Gold is in meltdown as investors look elsewhere to stash value – by Ray Turchansky (Canadian Business Magazine – November 10, 2015)

Global investors looking for an asset class to store value are increasingly turning to other options like real estate or fine art

Back in Roman times, an ounce of gold bought 300 loaves of bread, roughly the same as it does now. Two ounces would buy you an acre of the best farmland in Alberta in the 1930s; incredibly, it could do the same until very recently.

It was this capacity for holding its purchasing power and moving in the opposite direction of other asset classes that long made gold the ultimate safe haven, something investors going back five centuries to Jakob Fugger the Rich have recommended one hold in one’s portfolio.

Only gold has turned out to be a terrible hedge this year. Amid the worst market volatility since the Great Recession, it’s fallen in value along with stocks and bonds. A growing number of prominent investors are concluding the yellow metal has lost its status as a go-to asset in times of trouble—perhaps for good.

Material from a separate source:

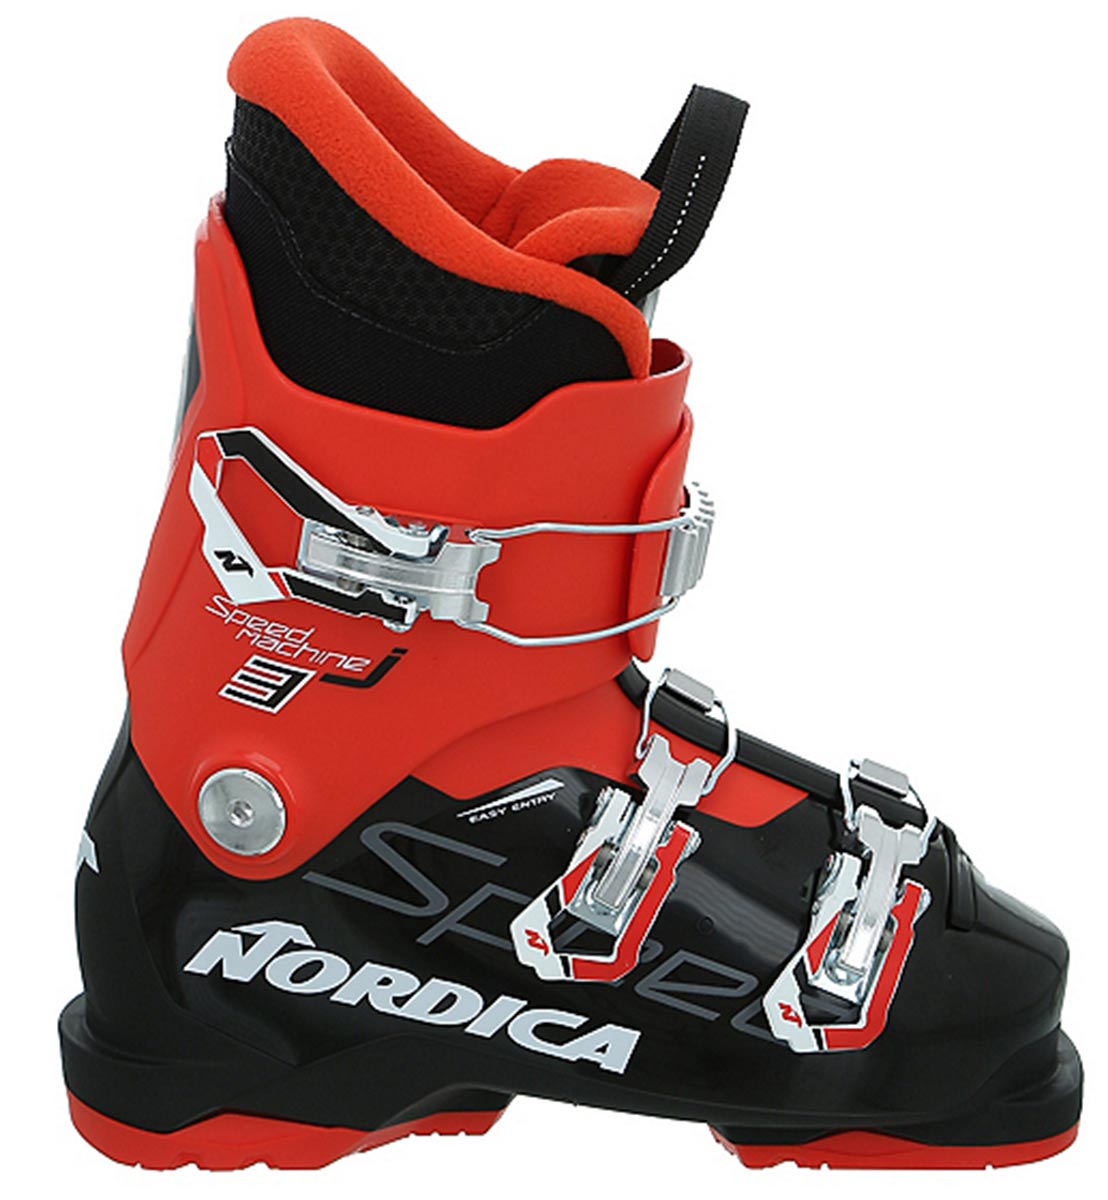 nordica-speedmachine-j3-ski-boots-2021

Even some long-time gold bugs are beginning to have doubts. “Gold has been dead since November of 2011. If you’ve owned gold in [U.S.] dollar terms it has been a terrifying trade,” admits Dennis Gartman, the Hong Kong–based publisher of The Gartman Letter.

“Gold today clearly has lost its lustre,” says Angus Watt, managing director with National Bank Financial. He notes how, in the wake of the 2008 financial crisis, the safe haven has proven to be U.S. treasuries and U.S. currency. And those will be the assets investors will gravitate to the next time a crisis hits, he says.

“Gold today is nothing more or less than a commodity, and we could have a debate whether it’s a commodity or a currency without an interest rate,” Watt continues. “People don’t choose between the U.S. dollar or gold; it’s the U.S. dollar or the euro. Gold today is no more of an alternative currency to global traders than the Canadian dollar is.”

Gold as just another commodity should be a scary prospect for its holders, in that it doesn’t get consumed like oil or soybeans. Only about a third of what’s produced by the mining industry is used for jewelry and industrial purposes.